You really have a talent for capturing a moment, Joe. Excellent and I much enjoyed, though I almost feel like I've been a peeping tom here.


----------



## wood (Jun 12, 2011)

this is a very soft and longing moment, very elegant, and i can relate to that experience (such a perfect feeling... why disturb it)  very well done.

zig


----------



## Squalid Glass (Jun 12, 2011)

This made me think of Stevens' "Sunday Morning" not just because of the title, but the focus on the moment and the mention of birds right of the bat. 

Your use of line is great as is your vocabulary. I very much enjoyed this moment poem.


----------



## JosephB (Jun 13, 2011)

Gumby -- thanks for reading. Most of my poems are inspired by moments -- I get a feeling from them and try to capture it without thinking too much.

wood -- Glad you appreciated it. Thanks for reading and commenting.

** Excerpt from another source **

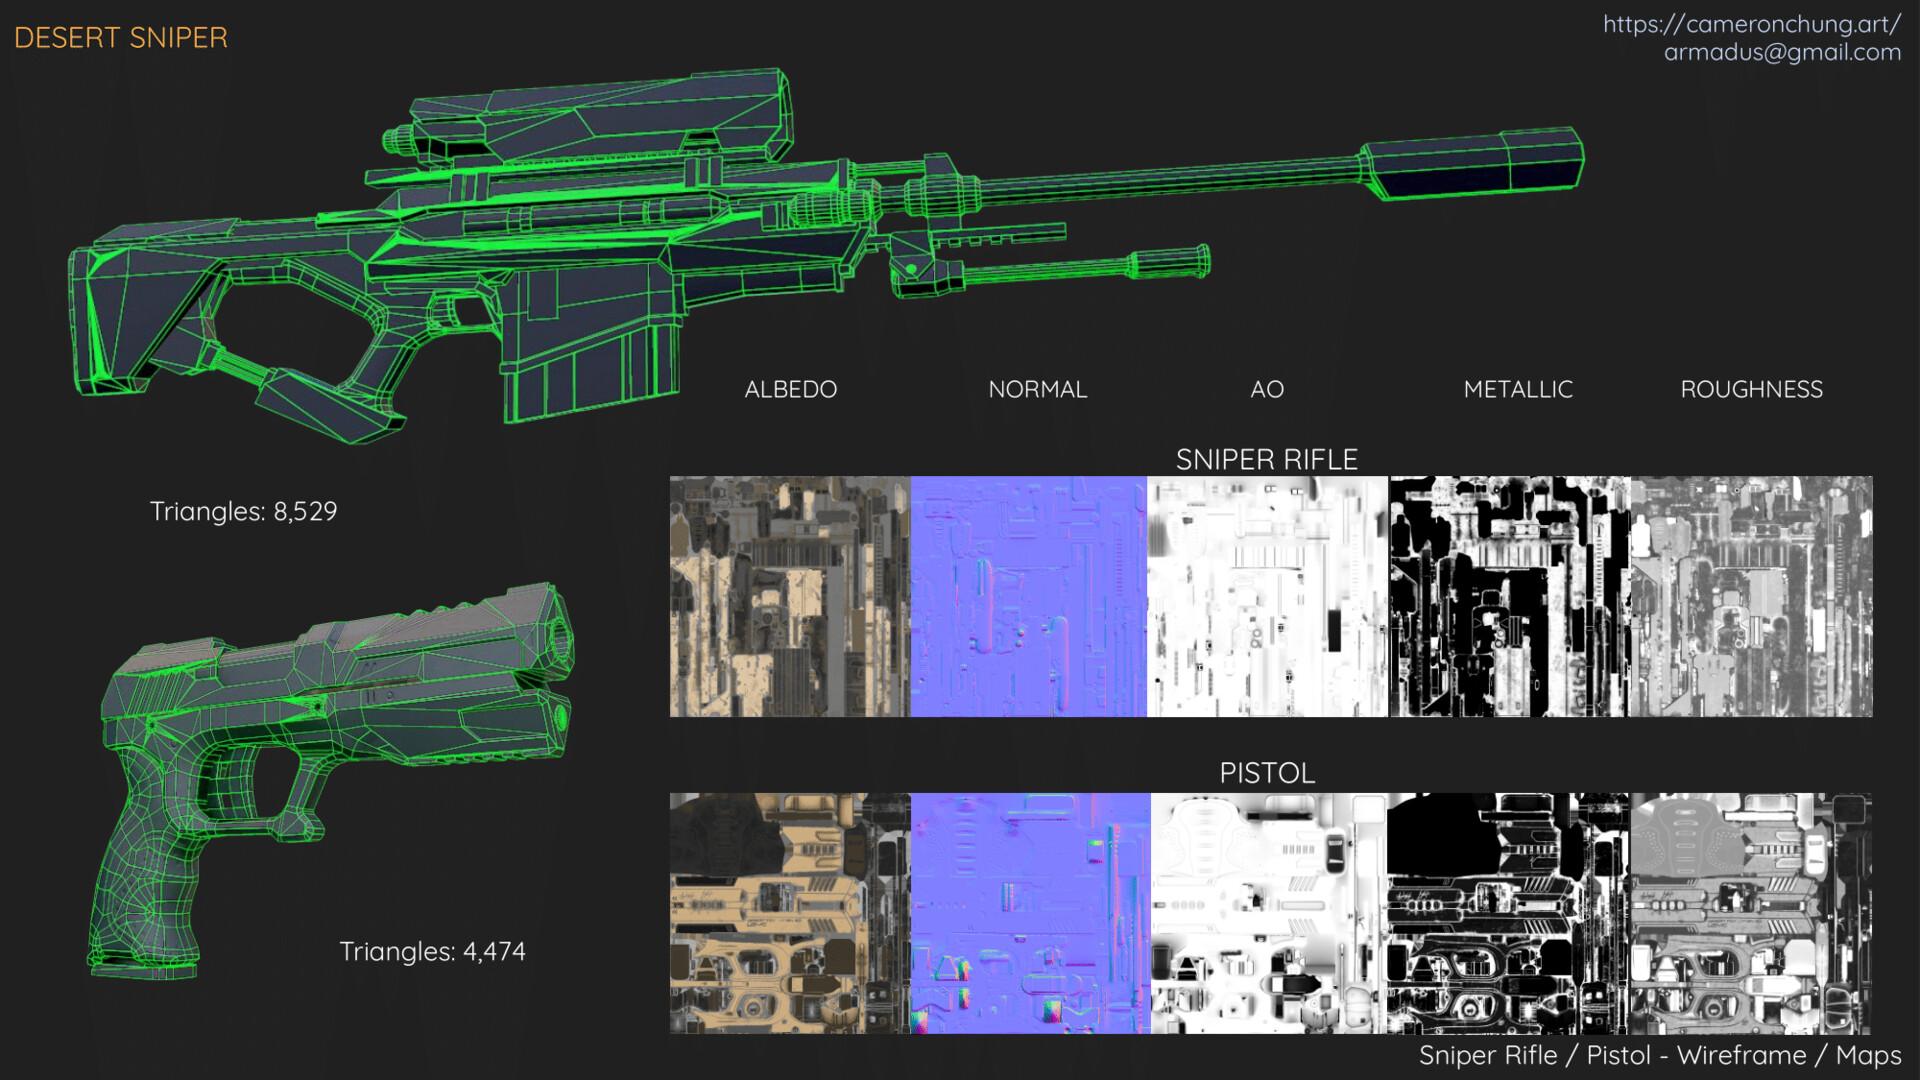 Sniper Rifle / Pistol - Wireframe / Maps

S.G. -- Thanks. Not always sure about how to break things. I write pretty fast, but usually spend the most time with that aspect of it. A lot of rearranging and revisiting. Glad it worked for you.

Cheers, all.


----------



## Chesters Daughter (Jun 16, 2011)

Where have you been, Joseph? Naughty soul neglecting us so. tsk, tsk. Your ability to capture what should be just ordinary moments in the so called American Dream and beautify them so substantially never ceases to amaze me. And that you do it without a bunch of frills shows the extent of your talent. Your pieces are like snapshots to me, cherished memories captured for all time. This piece is no exception. I adore S3 for it's sentiment, lovely wording and perfect enjambment. Another winner, Joe, the depth of your love for your wife is a pleasure to be privy to, although like Cin, sometimes, I feel the voyeur. lol. Well done, love.

Best,
Lisa


----------



## JosephB (Jun 17, 2011)

Lisa, I've just been keeping busy with work, family, kids activities etc. -- writing always seems to take a back seat. I'm glad this worked for you. Very often, my relationship with my wife is the only thing that inspires me to write poetry at all -- but I'm trying to branch out from that some and try some new things. Thanks so much for reading and the positive comments. I hope to post and participate more here, even if it's just for the summer as things have slowed down a bit. 

Cheers


----------



## Jinxi (Jun 17, 2011)

This is such a lovely poem Joseph. I thoroughly enjoyed reading it. I can relate completely to the feelings you have captured - a special, warm, loving moment in time. It is clear to see the love and appreciation you have for your wife, and it is an honour to share that with you through your words. Thank you.


----------



## MadBen (Jun 17, 2011)

Nice one 

It puts me in mind of two people in a modern style appartement with a clean and bright layout as well as lots of metal and glass. I somehow imagine a woman descending a spiral staircase to the lower half, while looking towards the bright window that faces east in the bright morning light with her small bag held over her right shoulder, smiling with a mixture of joy and mischief. Oh.. and I think there is some cellophane-like paper from an unpacked present on the table... I think it contained a bottle of wine 

I'm sure you had your very own different image in mind, but it surely painted a very detailed one for me =D>


----------



## JosephB (Jun 18, 2011)

Jinxi -- thanks so much for reading and the nice comments. What makes you think it's about my wife? (Heh.)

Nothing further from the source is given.